Furthermore, the process of model exports and post-export processing for
stage 3 support or memory-efficient gradient management introduces
considerable complexity. To enhance the codebase's structure, it would
be beneficial to extract these intricate functionalities into a
dedicated component, divorcing them from the current graph execution
manager.
As part of the effort to improve the codebase, it's essential to address
inconsistencies in handling input/output flatten/unflatten operations.
Currently, there are several functions performing these operations
recursively, each with slightly different implementations. This
inconsistency leads to varying support for input/output data types and
structures in different parts of the code. To rectify this, the proposed
pull request simplifies these operations into a set of primitive
functions, ensuring uniformity. This not only streamlines the code but
also facilitates the maintenance of consistency when introducing bug
fixes or supporting new data types. One thing to mention here: input
output handling is deeply bound to the graph transition mentioned above,
so it is difficult to make this change separately.

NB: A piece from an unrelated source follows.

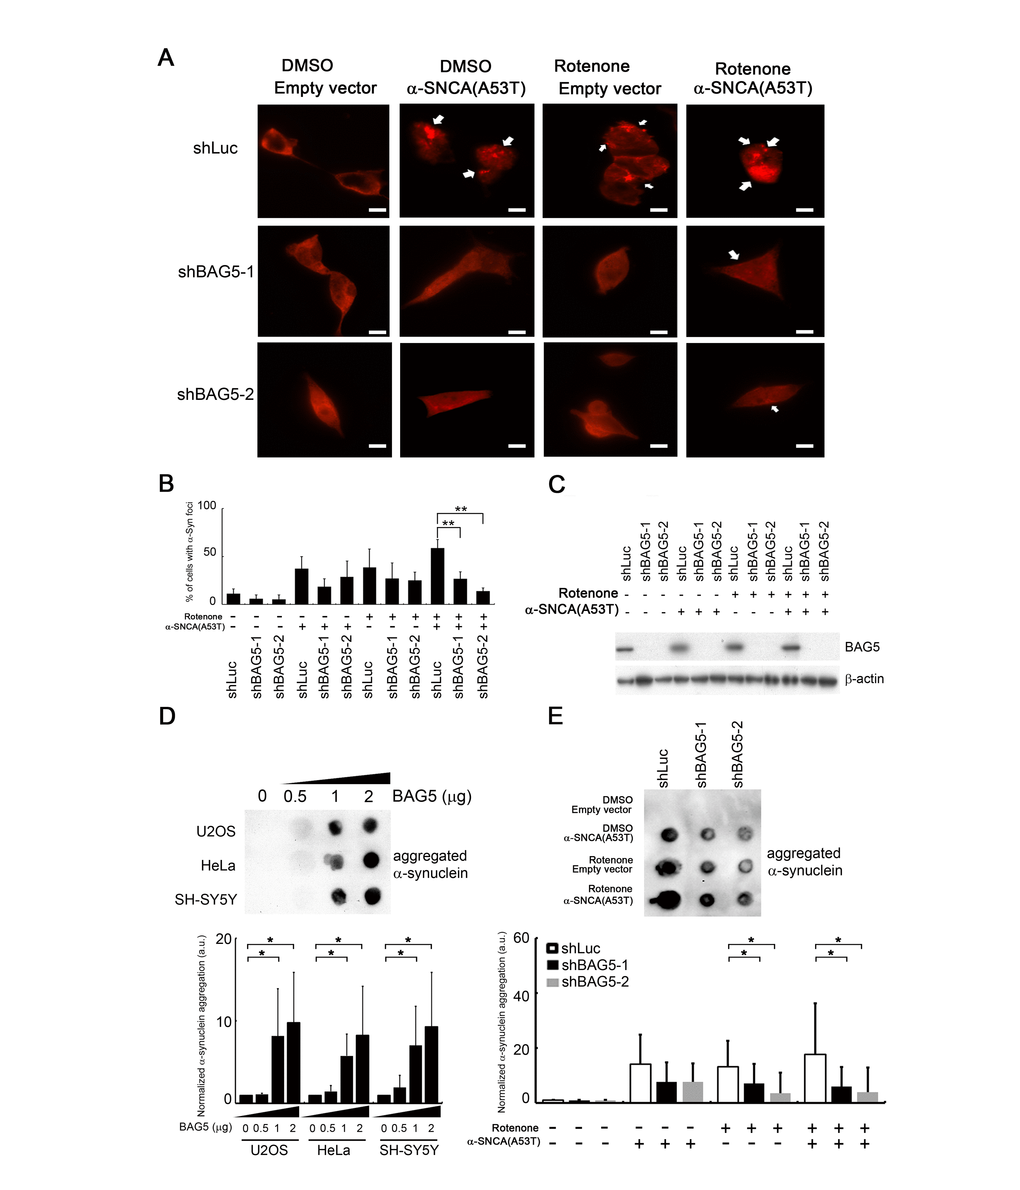 BAG5 expression is crucial for α-synuclein aggregation. (A) After rotenone treatment (10 μM) for 24 h, images of rotenone-treated α-synuclein (A53T)-expressing SH-SY5Y cells following BAG5 knockdown were captured. Arrows indicate α-synuclein-containing foci. Scale bar, 10 μm. (B) Quantified results in (A) are shown as the percentage of cells with foci (Student’s t-test; **, p C) Knockdown of BAG5 in (A) was displayed by Western blot analysis. (D) BAG5 increases SDS-insoluble aggregation of α-synuclein in U2OS, HeLa, and SH-SY5Y cells. α-Synuclein aggregation was detected by the filter-trap assay in cells transfected with various amounts of a BAG5-expressing plasmid. The lysate was diluted in SDS and filtered through nitrocellulose membranes. α-Synuclein immunostaining was detected by the α-synuclein antibody. A representative image and the densitometry data are shown (a.u., arbitrary unit). The values of α-synuclein aggregation were normalized to the amount of aggregation in the empty vector control (Student’s t-test; *, p E) SDS-insoluble α-synuclein aggregation in rotenone-treated and/or α-synuclein (A53T)-expressed SH-SY5Y cells is BAG5-dependent. α-Synuclein aggregation was detected by the filter-trap assay. The values of α-synuclein aggregation were normalized to the amount of aggregation in the vector or solvent control (Student’s t-test; *, p

While acknowledging the complexity of these logics, it is reassuring
that the codebase benefits from an extensive suite of unit tests that
cover all possible branches. Despite the intricacies, ensuring the
passage of all tests has been a time-intensive but necessary aspect of
this development effort.
### Design
Introduce `GraphTransitionManager` and put all model export and
post-export processing logics in it.
1. Re-export check
2. Do export
3. Re-post-export process check
4. Do post-export process
5. Return `PostExportProcessedModelInfo`, which contains all the
information we need, to pass to ORT to build gradient graph (currently
we do the same for training or evaluating, but ideally we should not do
it for evaluating, let's keep this behavior as it is now, and make the
change later).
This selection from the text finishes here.